К раннему утру подготовили все нужные дипломату приготовления, сторожевых лагеря споили снотворным кофе, оставшихся солдат оголили до гражданского статуса, отняв всё лязгавшее оружие. С первыми петухами наши вышибли дверь спальни дипломата, и всех потаскали к площади, где давали пинки ветрам грозные висельницы. Толпа пленных наблюдала, как посла потащили к верёвке, кою скоро натянули на худую шею. Ох, если не порывистый ветер в то утро, то сам спящий Казбек разразился бы магмовой лавиной! Сорок связанных солдат шептали молитвы на коленях, склоняя голову к земле, покуда их представители ждали у петли неминуемой кончины. Совет вышел на площадь, стихшая под шумом барабанов. Водворилось полное молчание и началось долгожданное обращение к гостям: «Странные мы дни переживаем, но мы по-своему толкуем вещи, событий искажая первый смысл. Забрели вы не в те ущелья, где могут радоваться дальним змеям. Видим мы, что только наш народ, то ли более сведущий, то ли наученный более горьким опытом, нежели другие, сохранил свободу, доставшуюся в наследие от предков, и упорством своим оберегает род адыгский от полного порабощения.

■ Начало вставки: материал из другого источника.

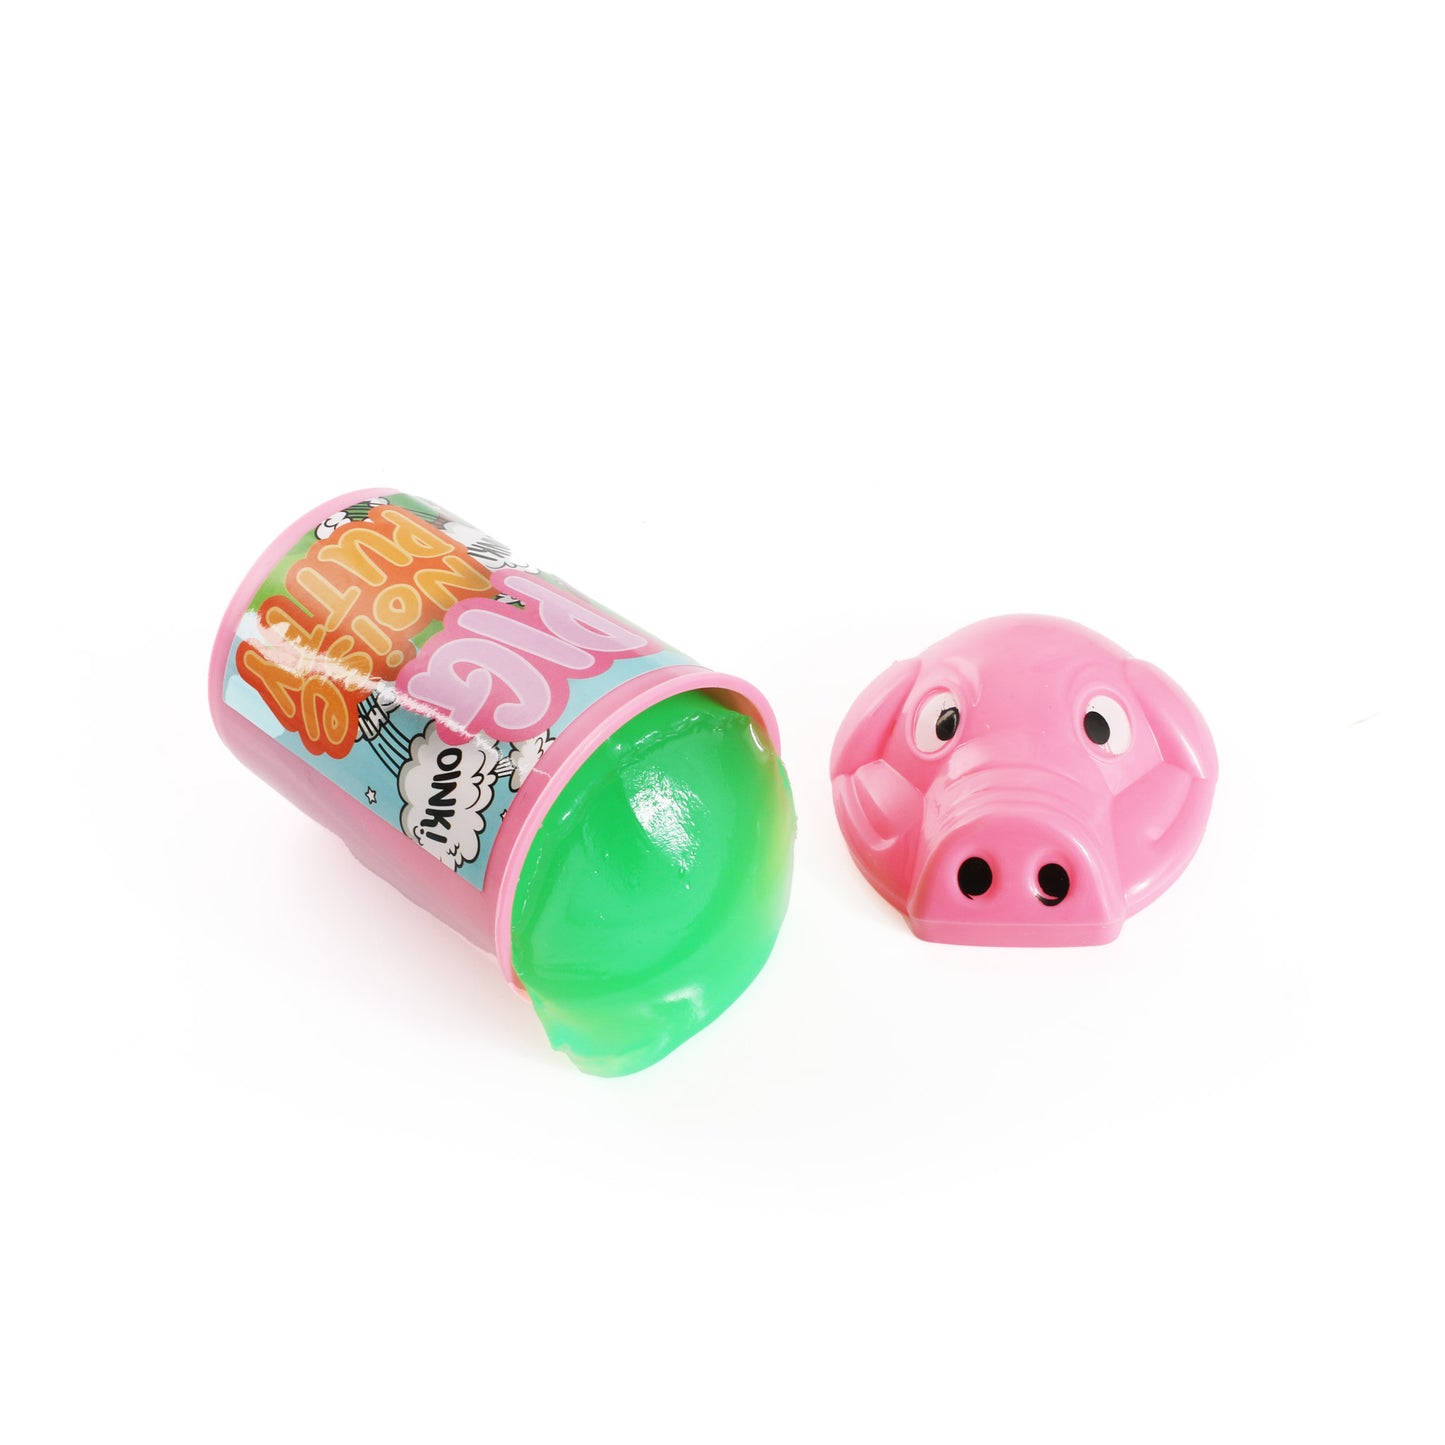 PIG NOISE PUTTY. SIZE OF TUB IS 8x5.5cm
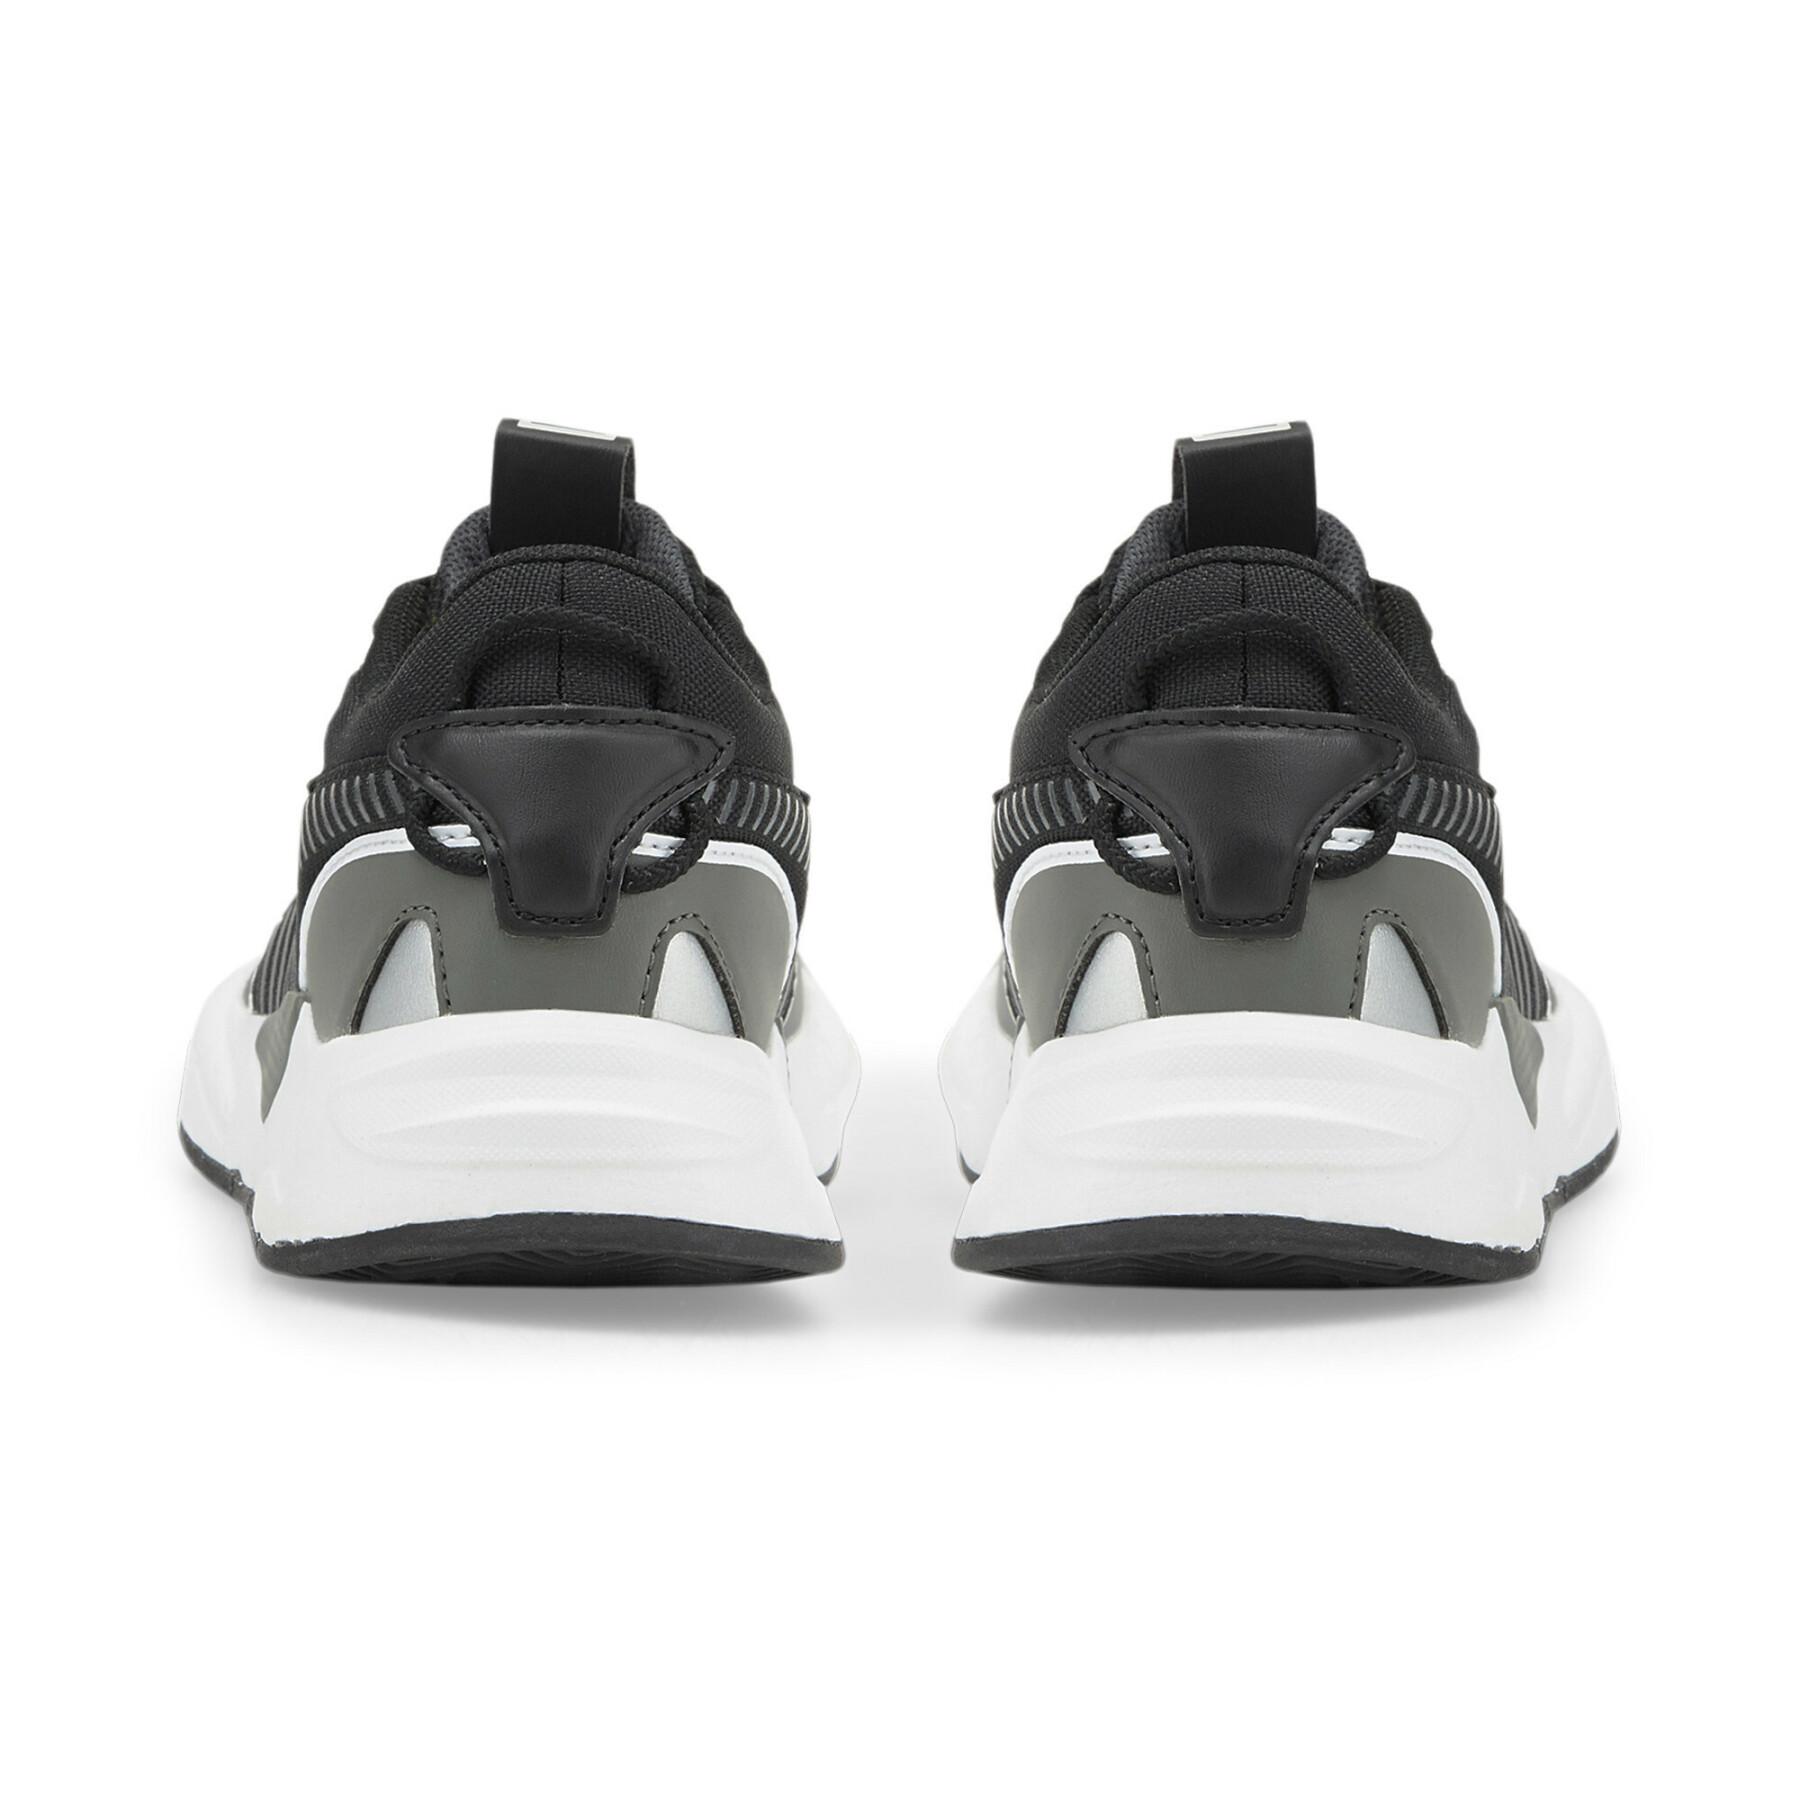 Children's sneakers Puma Rs-Z Outline Ps

Неправда, что мы с вами схожи, ибо мы остались на родине, коей одарила нас природа, и, защищая ее, защищаем свободу, а не добываем её в грабежах. Вы предлагаете нам пойти против мирной нации и признаётесь меж тем, что отняли военный корабль, ныне угрожающий его владельцу. Ежели думаете, что когда-то давно, ещё до громовой войны, крестились саблями с нашими врагами, то путаете себя со стёртыми с лица земли турками, так что память о них не сохраняют даже их надгробия, а воспоминание о великих императорах, царях, князьях и имена их канули в вечное забвение, будто и не жили они на свете. Что касается городов на равнине, то обитают в них лишь гниловатые псы и олени, всем видом своим говорящие о тамошней власти Смерти. Мы запретили жителям посещать сии места и красть оттуда даже крохотную булавку, но ежели обжорство вашего халифа способно переварить заражённый металл, то пусть тащит эту рухлядь на спине своего народа куда ему вздумается. Вы хотите увезти отсюда драгоценности, но увезёте только ненависть без примеси и нужду чистейшей пробы. Вы грабите нас, дабы вас, в свой черед, ограбили другие; и, став врагами нам, становитесь врагами друг другу. Даём вам два часа сроку, чтобы покинуть нашу страну». Сих после слов были перерезаны тугие тетива виселицы, и дипломаты упали, как падают мёртвые».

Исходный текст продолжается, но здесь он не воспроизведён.